Organised by Rokeya Begum Shafali (2008 Professional Fellow from Bangladesh, Bangladesh Association)

Female students of Madrasha (Islamic Educational Institute) are one of the most vulnerable groups to religious extremism, conservative ideologies, and child marriage. This stems from the area’s conservative mindset which defines women as caretakers of the household and family members. The biggest concern for female students is that they will be subjected to child marriage.

Raising awareness of educational and professional opportunities open to these young female students is vital in empowering them. Rokeya is Executive Director of the Association for the Integrated Development-Comilla (AID-COMILLA), an NGO which promotes the socio-economic status of underprivileged men, women, and children in urban and rural areas. AID-COMILLA has been working with female students of Madrasha for the past year, providing life skills and leadership training, along with exposure to cultural programs and many other extracurricular activities.

In collaboration with AID-COMILLA, Rokeya’s Commonwealth Day activity sought to bridge the gap between these students and their guardians, local residents and Commonwealth Alumni, and the opportunities available to them.

Special guests included:

  • Abdul Mazid, District Education Officer, Cumilla
  • Abul Kalam Azad, Chairman, Uttar Durgapur Union Parishad
  • Fariduddin, President, Managing Committee, Alekharchar DSI Dakhil Madrasha

The event began with a general knowledge quiz on the Commonwealth and Bangladesh, followed by opening remarks from Md. Kazi Nizam Uddin, Superintendent of Alekharchar DSI Dakhil Madrasha. In his speech he acknowledged the opportunity for students to broaden their perspectives, raise their voices, and feel empowered against early and forced marriage.

Rokeya opened discussions with an introduction to the CSC and Commonwealth Day. She spoke about the history of the Commonwealth and the activities of CSC and alumni community in Bangladesh, raising the importance of knowledge in preventing atrocities such as early and forced marriage. Rokeya alsospoke on the importance of staying connected across communities as a means of empowerment.

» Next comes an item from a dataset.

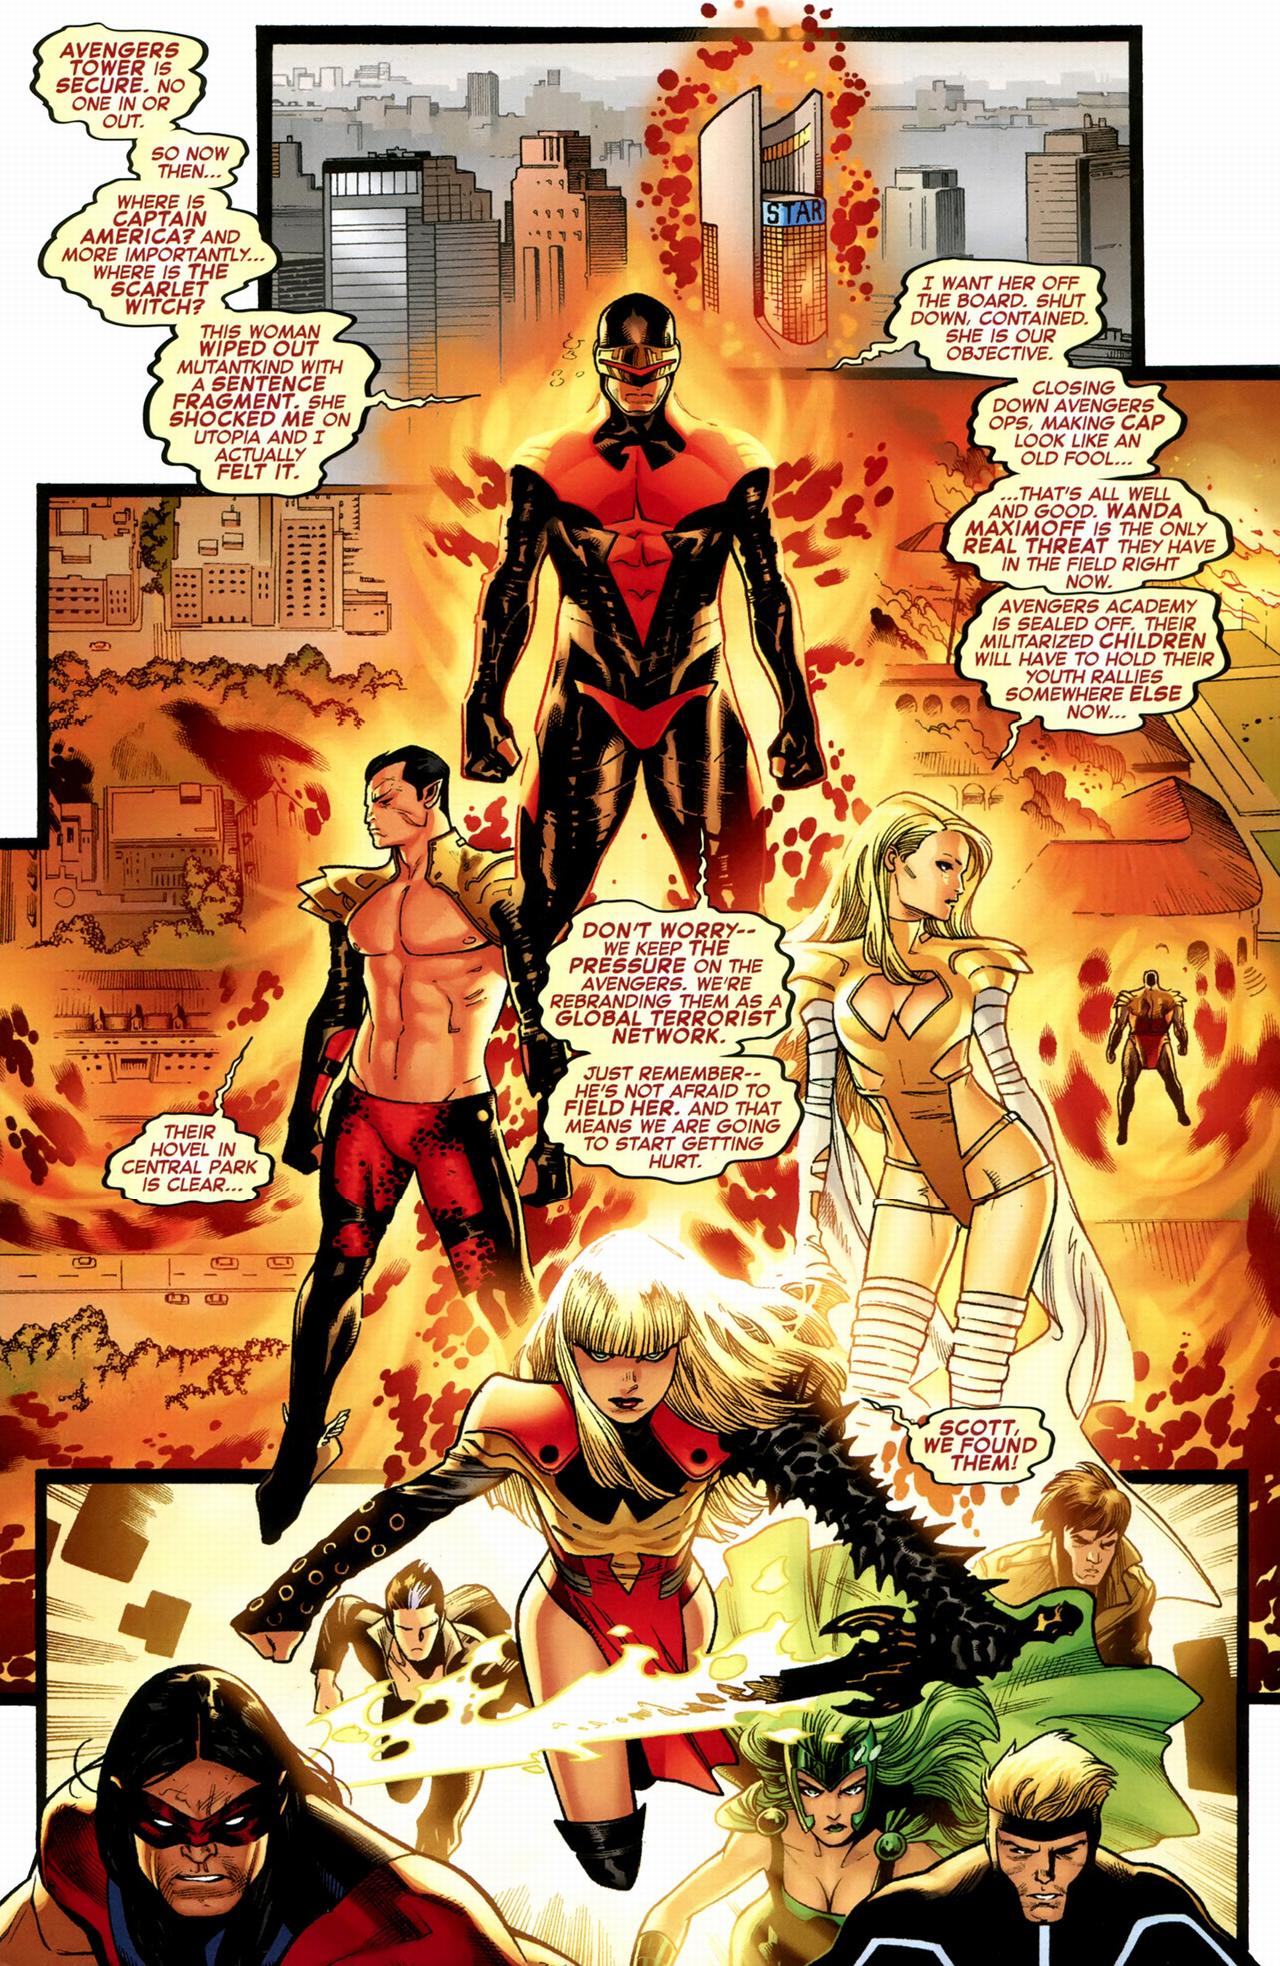 the x-men hunts down the avengers

Abdul Mazid, District Education Officer of Cumilla, discussed the importance of education in raising awareness of individual’s rights. He told attendees that education should not be limited to the academic syllabus and books; it should go beyond this and educate students on a much broader scale.

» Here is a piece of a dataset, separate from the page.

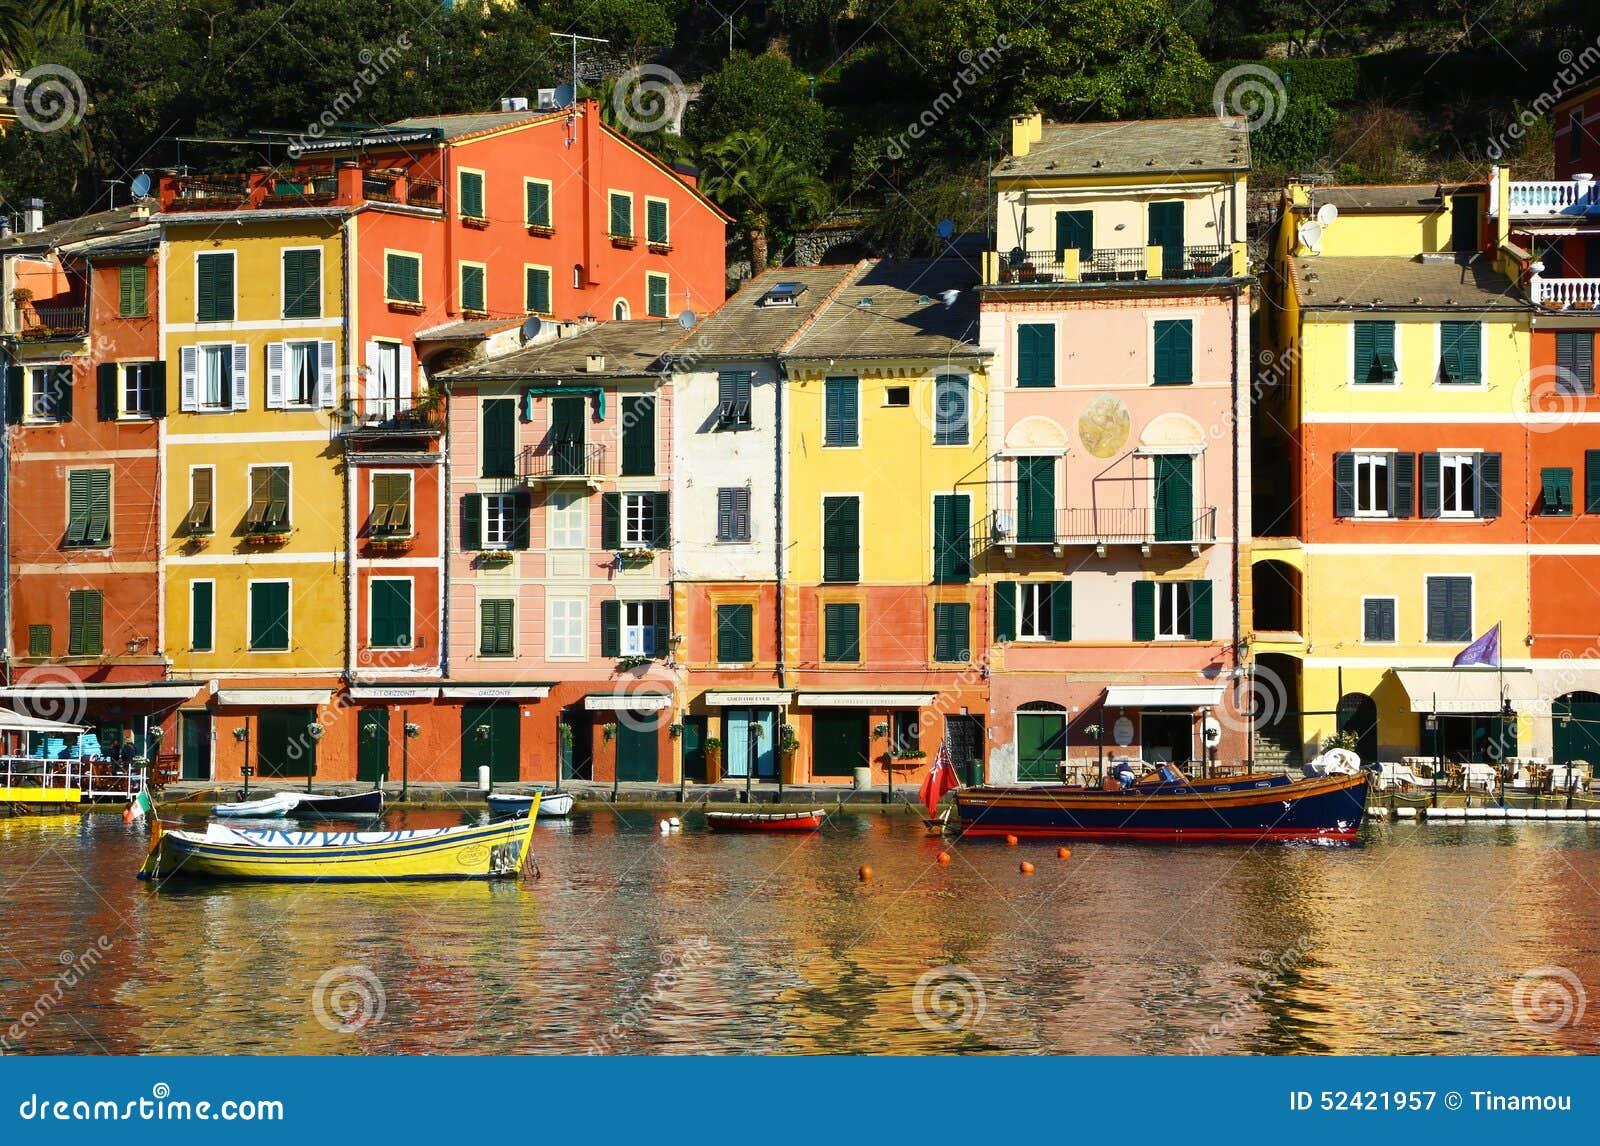 Huizen In Italie : Kleurrijke huizen in portofino italië redactionele fotografie

Monira Rahman, Executive Director of Innovation for Well Being Foundation and Commonwealth Alumnus (2012 Professional Fellow, Acid Survivors Trust International) delivered information on mental health and child marriage through an interactive session. She shed light on the effects of child marriage on the mental and physical health of under-aged girls and why it is important to prevent and early and forced marriage.

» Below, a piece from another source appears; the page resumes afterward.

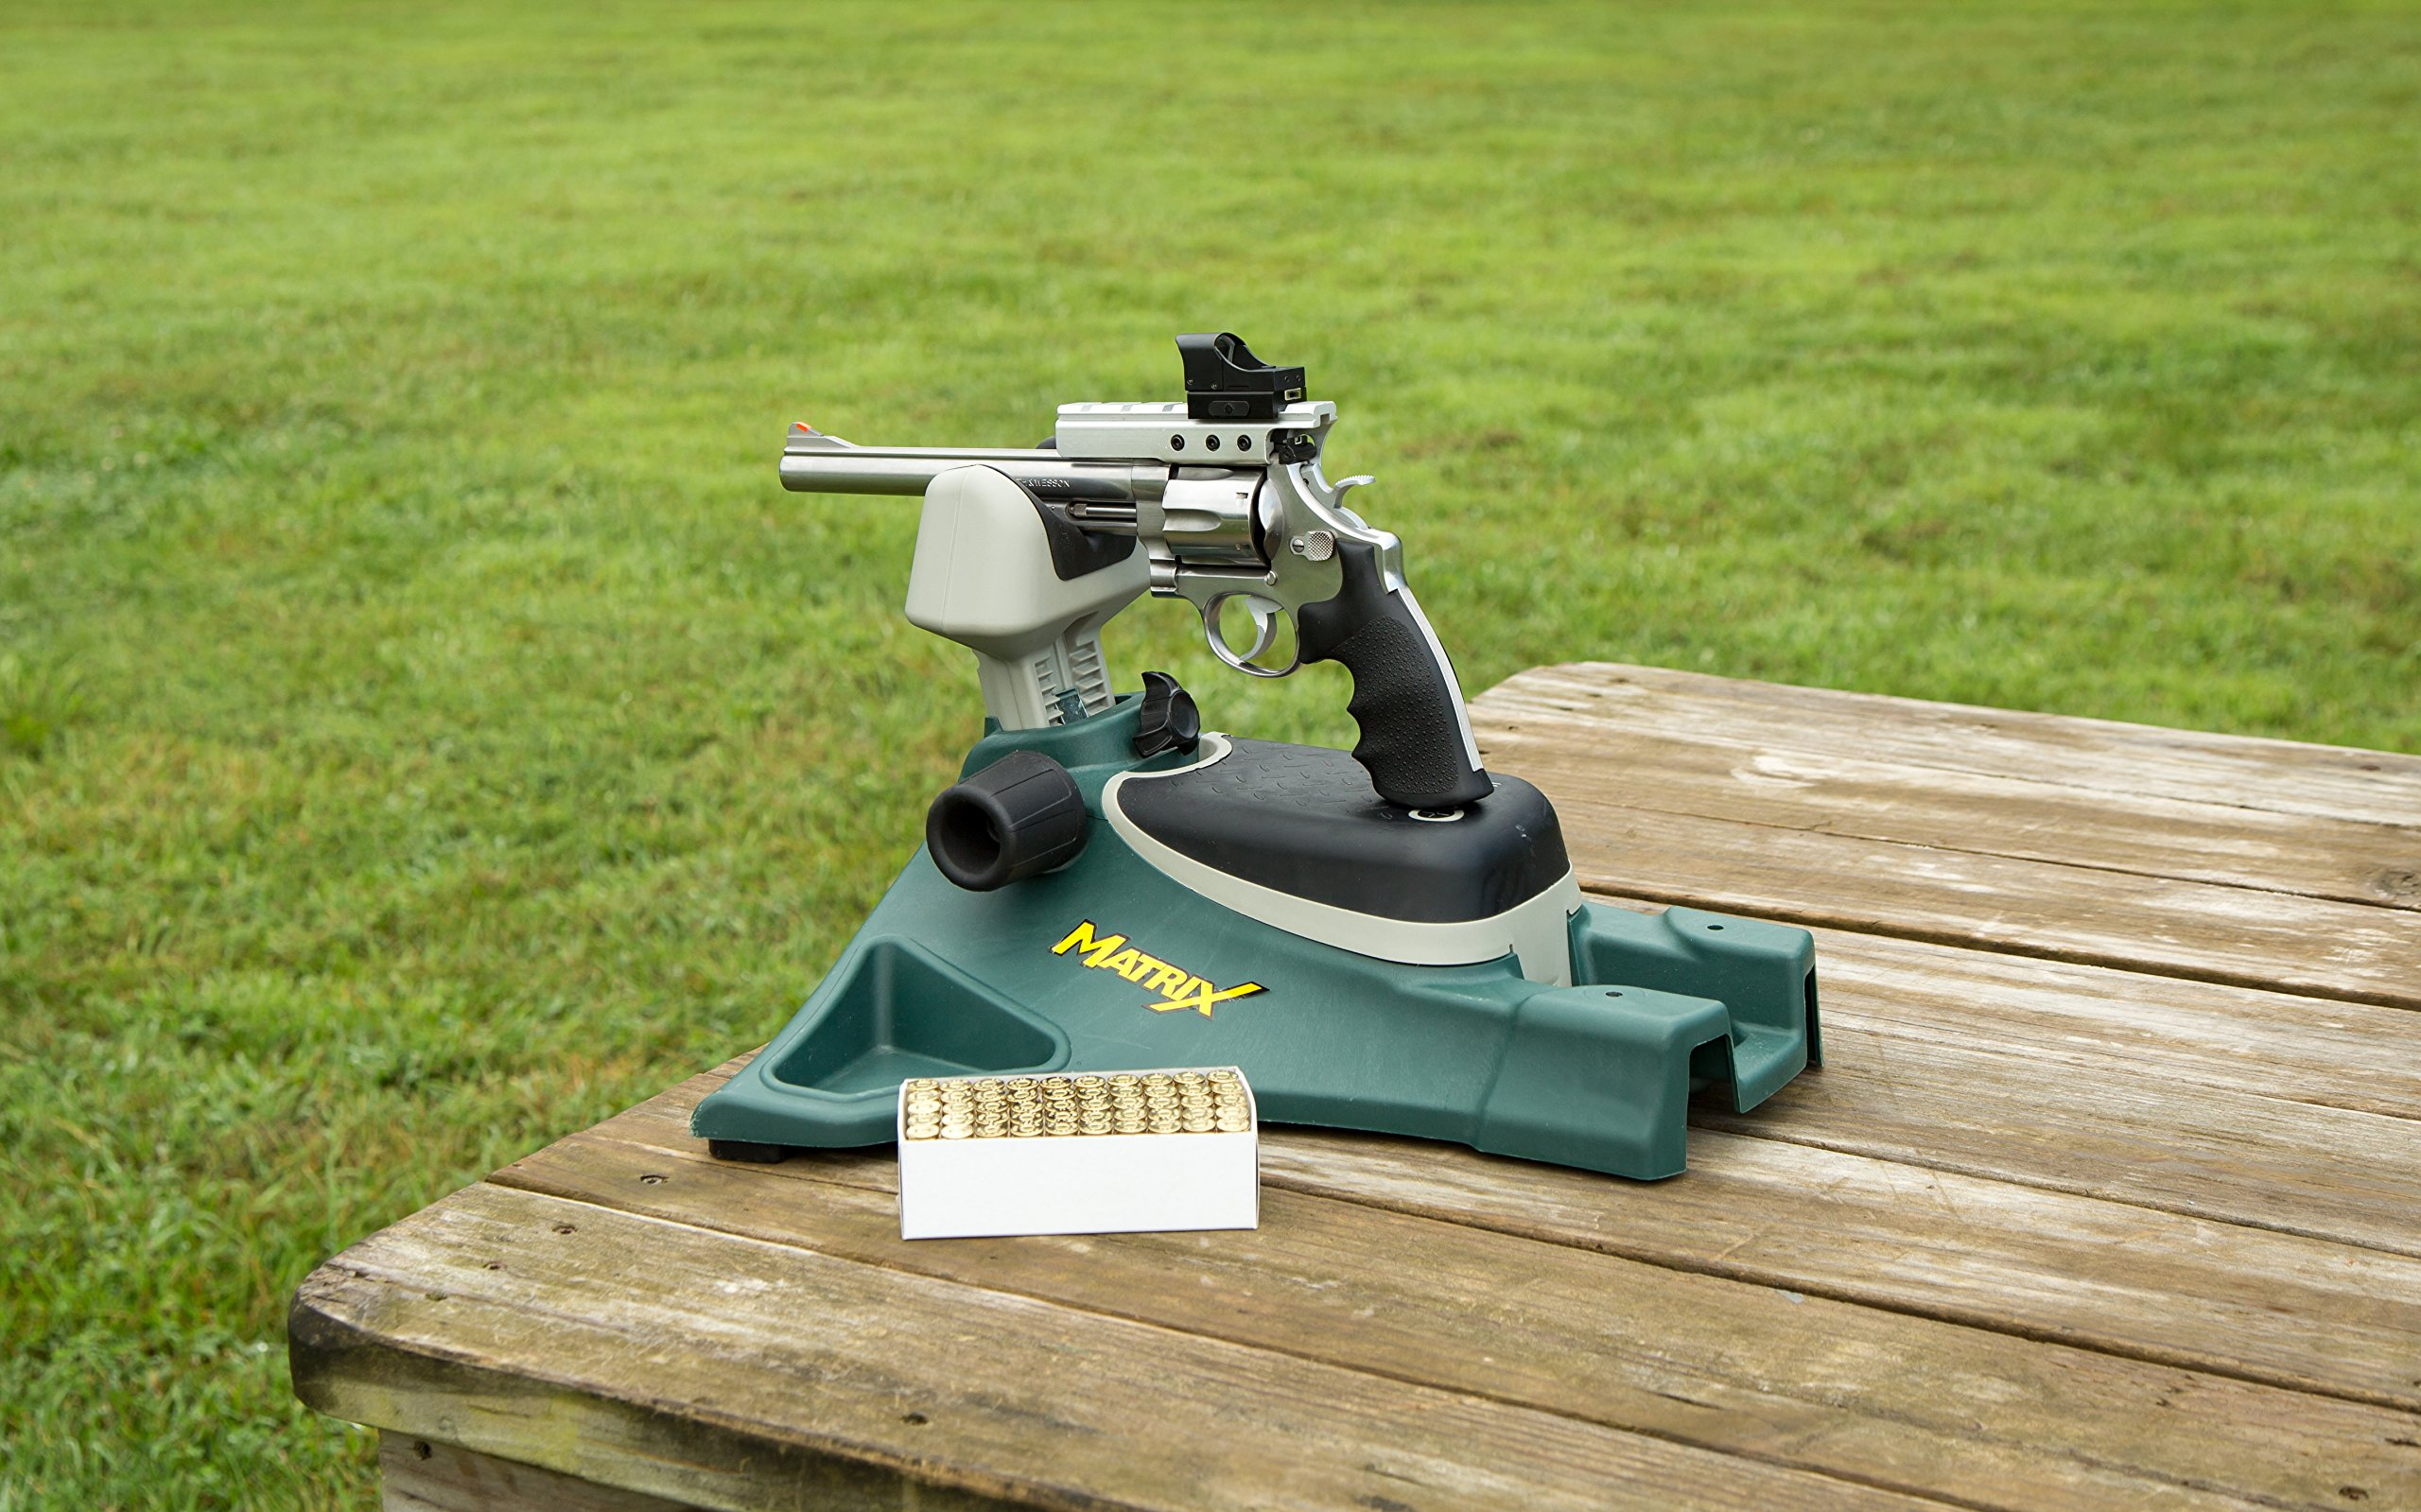 Caldwell Matrix Adjustable Ambidextrous Rifle Pistol Handgun Shooting Rest for Outdoor Range by Caldwell (Image #5)

The top six scorers in the quiz were presented awards by the special guests at the end of the day. The closing speech was delivered by Md. Fariduddin, President of Managing Committee of Alekharchar DSI Dakhil Madrasha. He concluded that it is imperative to move forward and requested guardians not to think of their daughters as a burden and to give them the opportunity for higher education and not subject them to child marriage.